Dysbiosis of the gut microbiome has been associated with the development of colorectal cancer (CRC). Gut microbiota is involved in the metabolic transformations of dietary components into oncometabolites and tumor-suppressive metabolites that in turn affect CRC development. In a healthy colon, the major of microbial metabolism is saccharolytic fermentation pathways. The alpha-bug hypothesis suggested that oncogenic bacteria such as enterotoxigenic Bacteroides fragilis (ETBF) induce the development of CRC through direct interactions with colonic epithelial cells and alterations of microbiota composition at the colorectal site. Escherichia coli, E. faecalis, F. nucleatum, and Streptococcus gallolyticus showed higher abundance whereas Bifidobacterium, Clostridium, Faecalibacterium, and Roseburia showed reduced abundance in CRC patients. The alterations of gut microbiota may be used as potential therapeutic approaches to prevent or treat CRC. Probiotics such as Lactobacillus and Bifidobacterium inhibit the growth of CRC through inhibiting inflammation and angiogenesis and enhancing the function of the intestinal barrier through the secretion of short-chain fatty acids (SCFAs). Crosstalk between lifestyle, host genetics, and gut microbiota is well documented in the prevention and treatment of CRC. Future studies are required to understand the interaction between gut microbiota and host to the influence and prevention of CRC. However, a better understanding of bacterial dysbiosis in the heterogeneity of CRC tumors should also be considered. Metatranscriptomic and metaproteomic studies are considered a powerful omic tool to understand the anti-cancer properties of certain bacterial strains. The clinical benefits of probiotics in the CRC context remain to be determined. Metagenomic approaches along with metabolomics and immunology will open a new avenue for the treatment of CRC shortly. Dietary interventions may be suitable to modulate the growth of beneficial microbiota in the gut.

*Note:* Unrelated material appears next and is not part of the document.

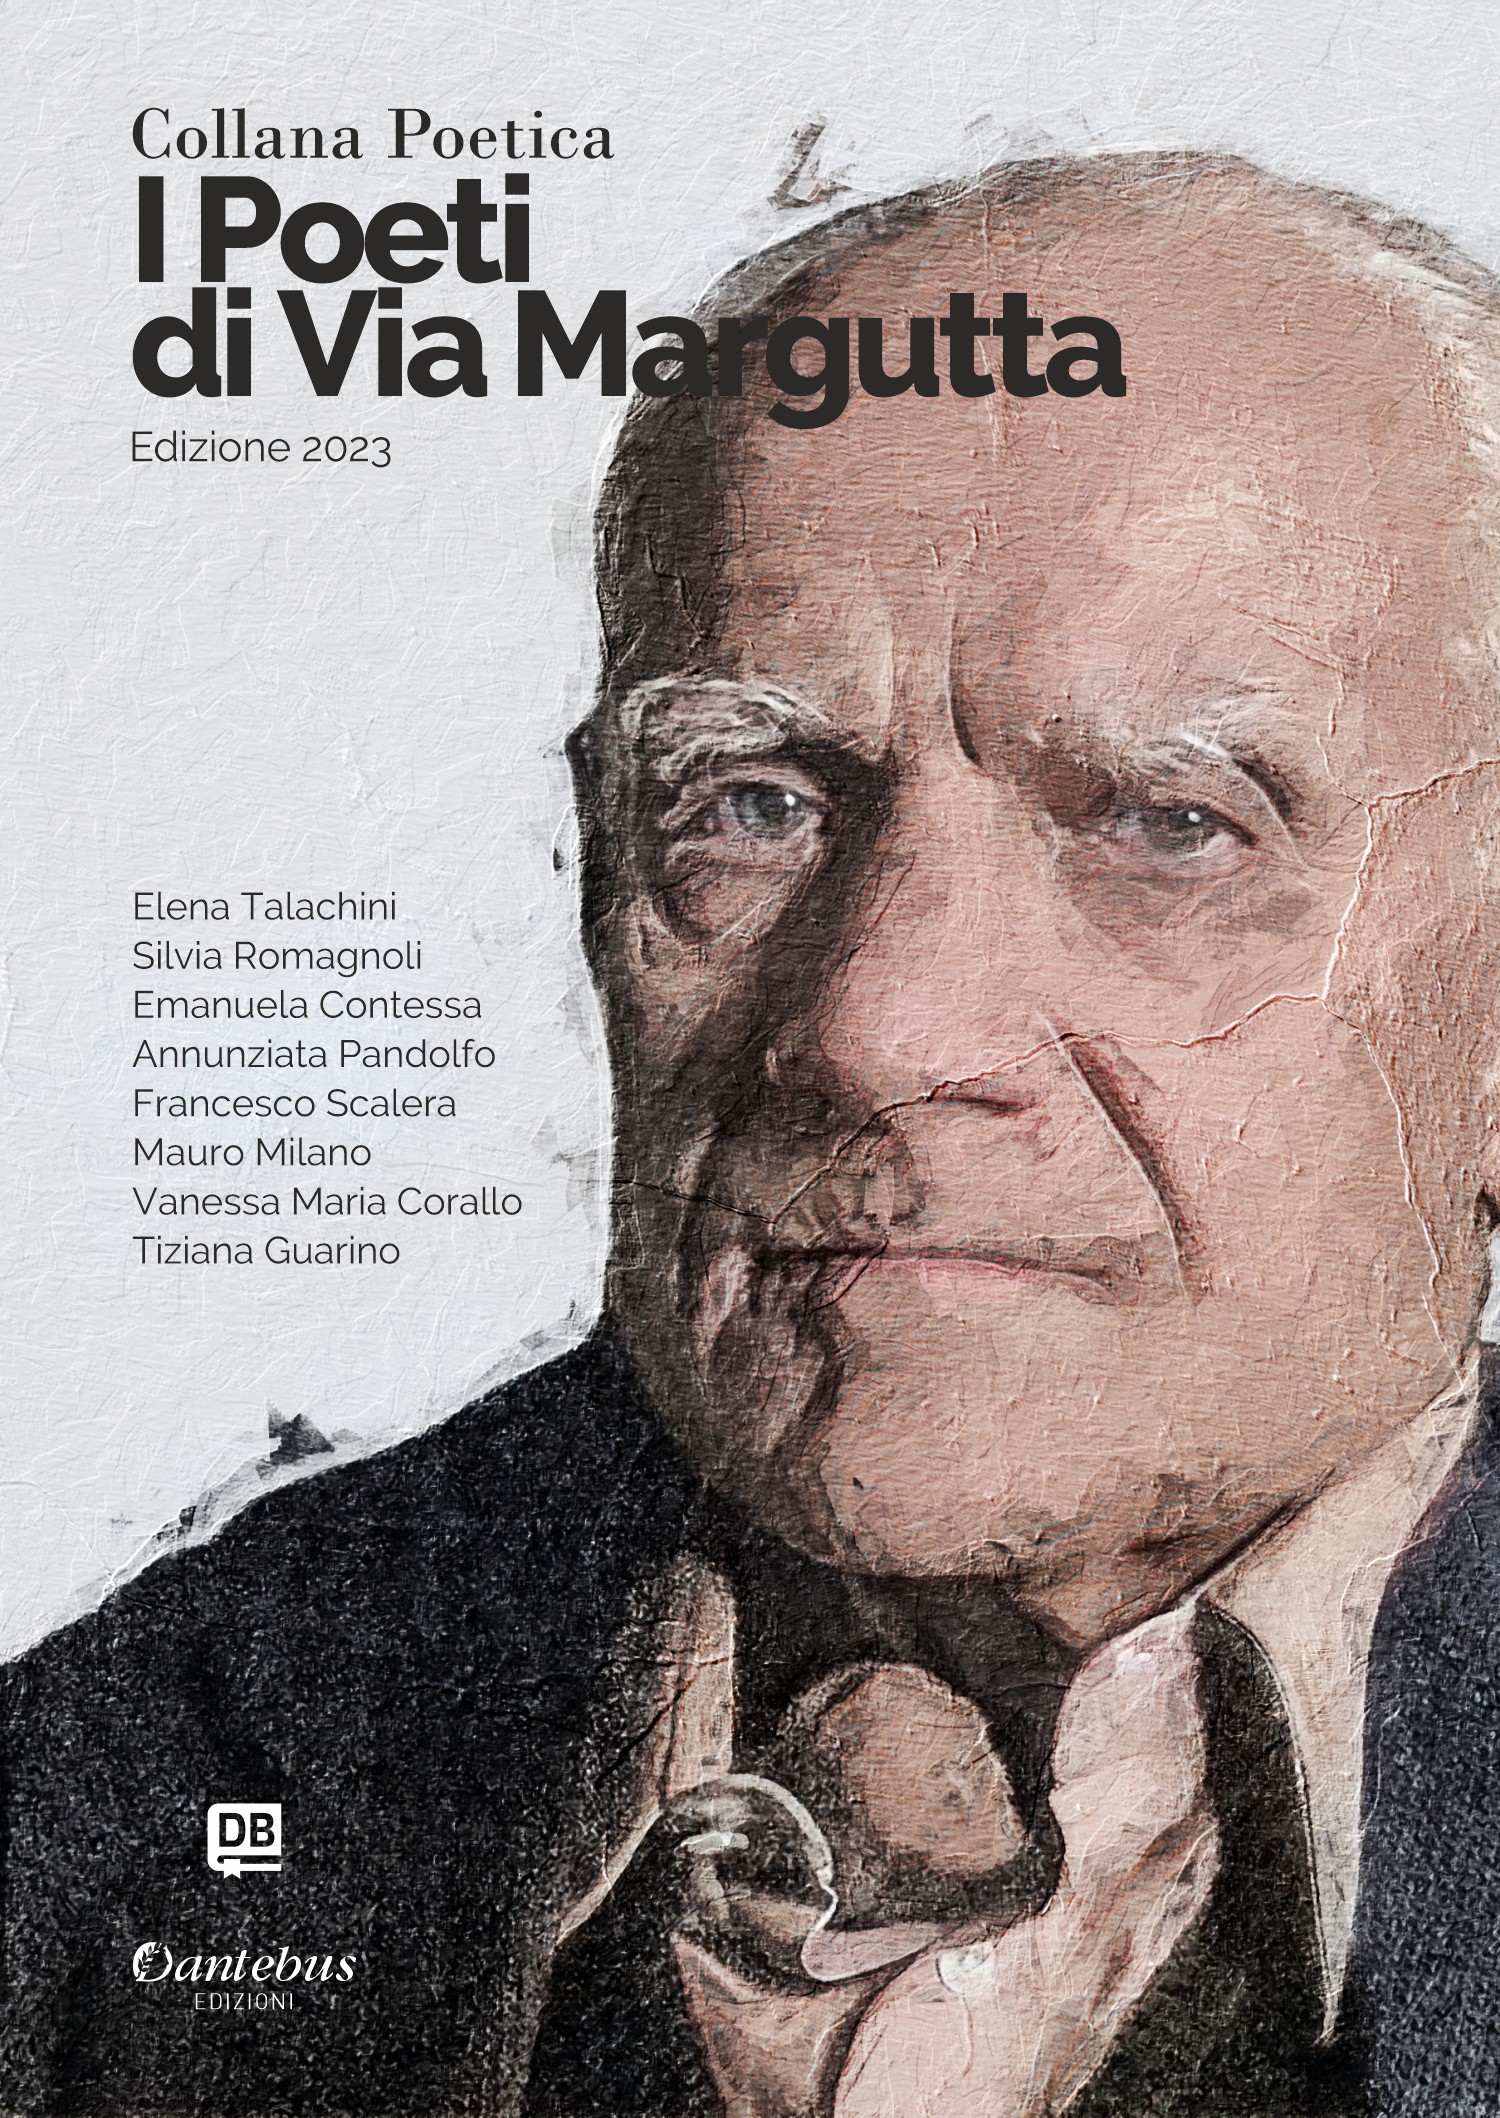 Collana Poetica I Poeti di Via Margutta vol. 24 - Edizione 2023 - Librerie.coop
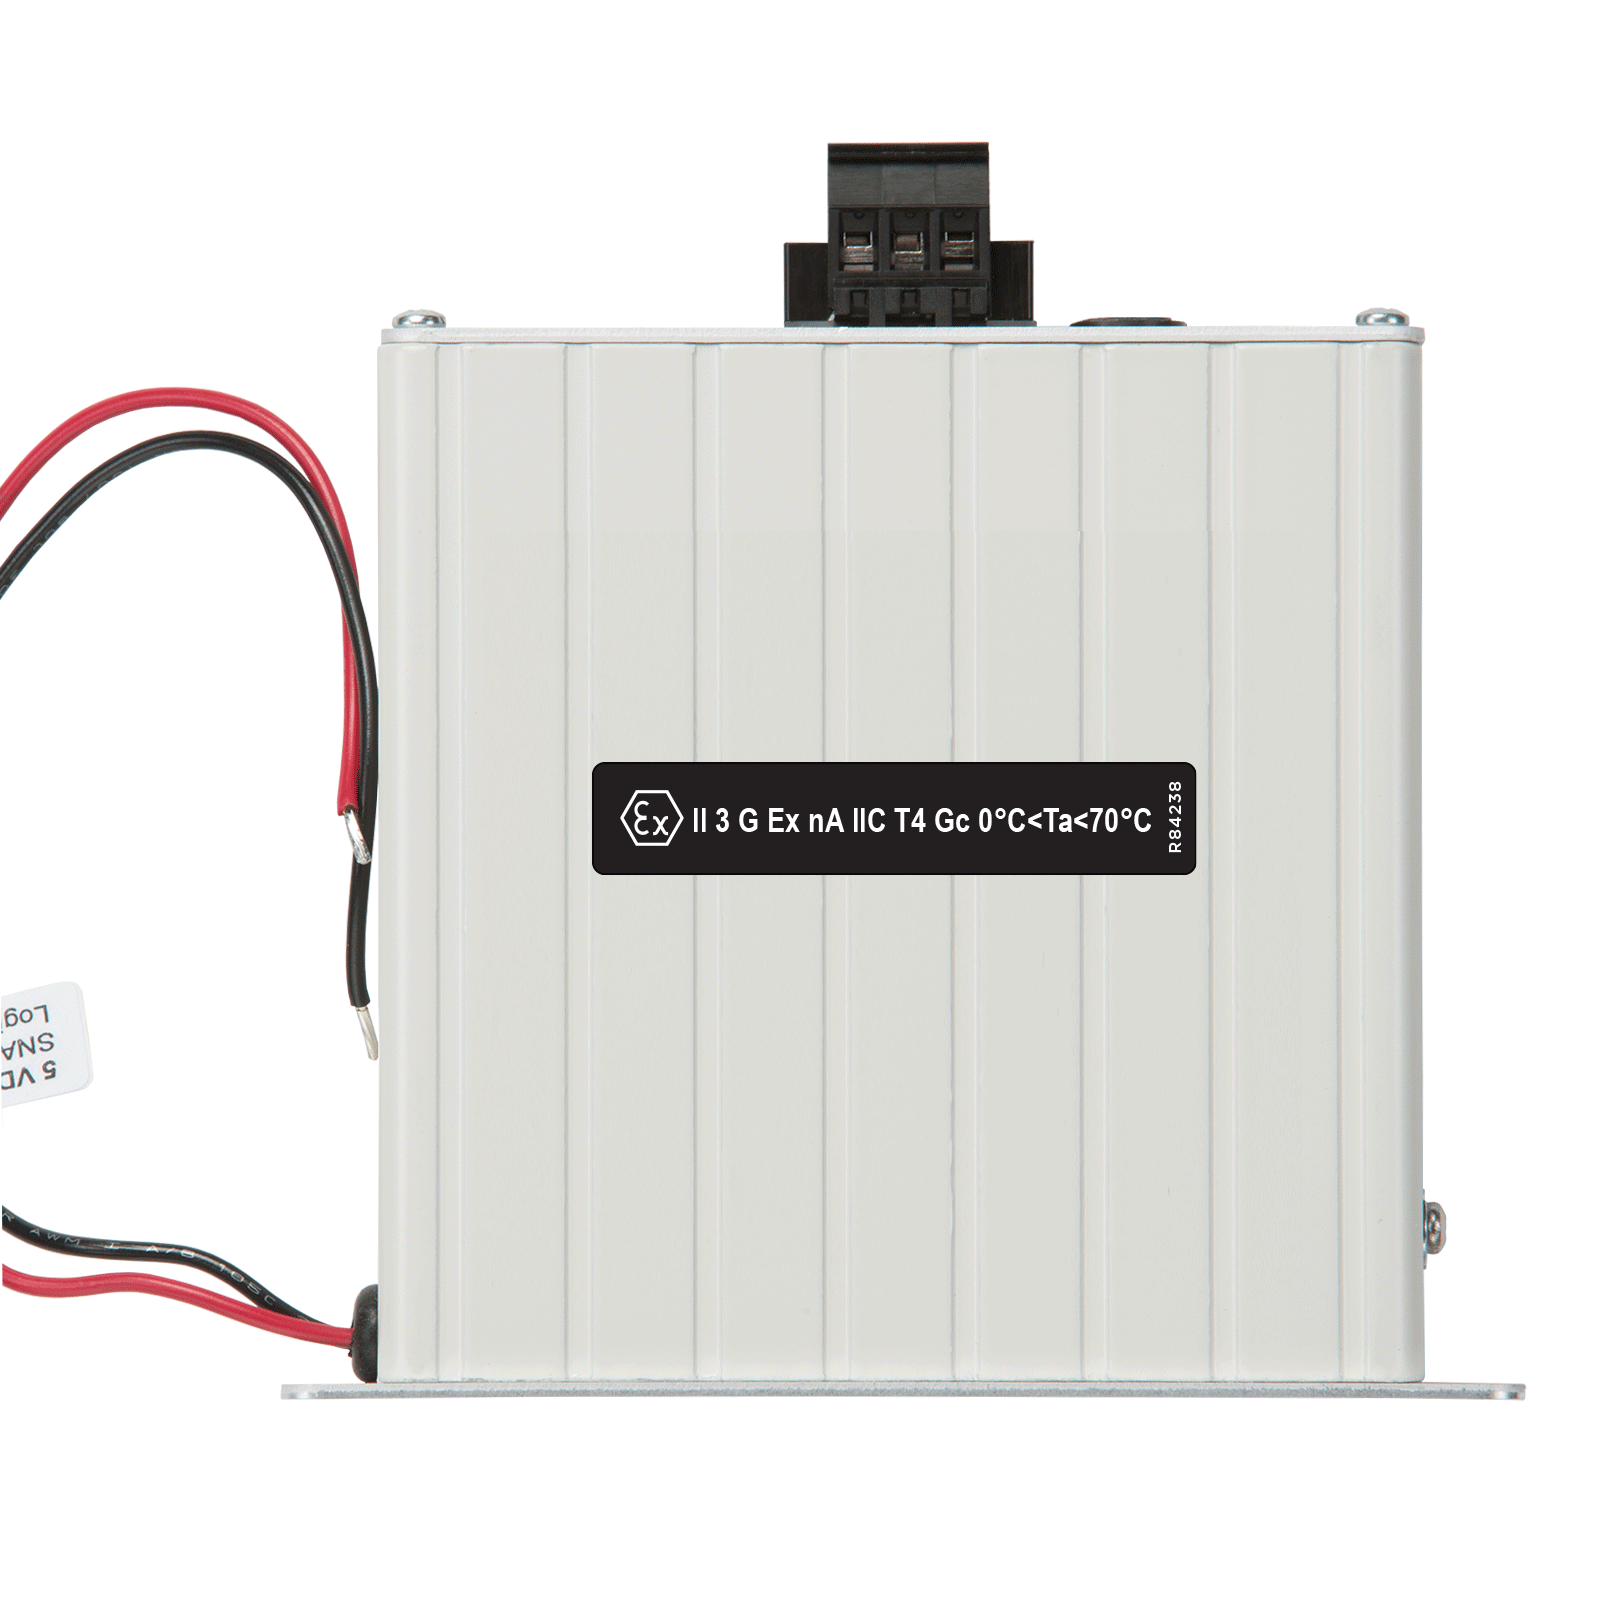 OPTO 22 - SNAP-PS24U SNAP Power Supply, 100-250 VAC to 24 VDC

肠道微生物群的失调与结直肠癌 (CRC) 的发展有关。肠道微生物群参与将膳食成分代谢转化为癌代谢物和肿瘤抑制代谢物，进而影响 CRC 的发展。在健康的结肠中，微生物代谢的主要途径是糖分解发酵途径。α-bug 假说表明，致癌细菌，如产肠毒素脆弱类杆菌(ETBF)，通过与结肠上皮细胞的直接相互作用和结肠直肠部位微生物群组成的改变，诱导 CRC 的发展。大肠杆菌，ē。粪肠球菌，F。成核，和在 CRC 患者中，链球菌 gallolyticus显示出更高的丰度，而双歧杆菌、梭状芽孢杆菌、粪杆菌和Roseburia显示出丰度降低。肠道微生物群的改变可用作预防或治疗 CRC 的潜在治疗方法。益生菌，如乳酸杆菌和双歧杆菌通过抑制炎症和血管生成以及通过分泌短链脂肪酸 (SCFA) 增强肠道屏障的功能来抑制 CRC 的生长。生活方式、宿主遗传学和肠道微生物群之间的串扰在 CRC 的预防和治疗中得到了充分证明。未来的研究需要了解肠道微生物群与宿主之间的相互作用对 CRC 的影响和预防。然而，还应考虑更好地了解 CRC 肿瘤异质性中的细菌失调。元转录组学和元蛋白质组学研究被认为是了解某些细菌菌株抗癌特性的强大组学工具。益生菌在 CRC 中的临床益处仍有待确定。宏基因组学方法以及代谢组学和免疫学将很快为 CRC 的治疗开辟一条新途径。饮食干预可能适合调节肠道有益微生物群的生长。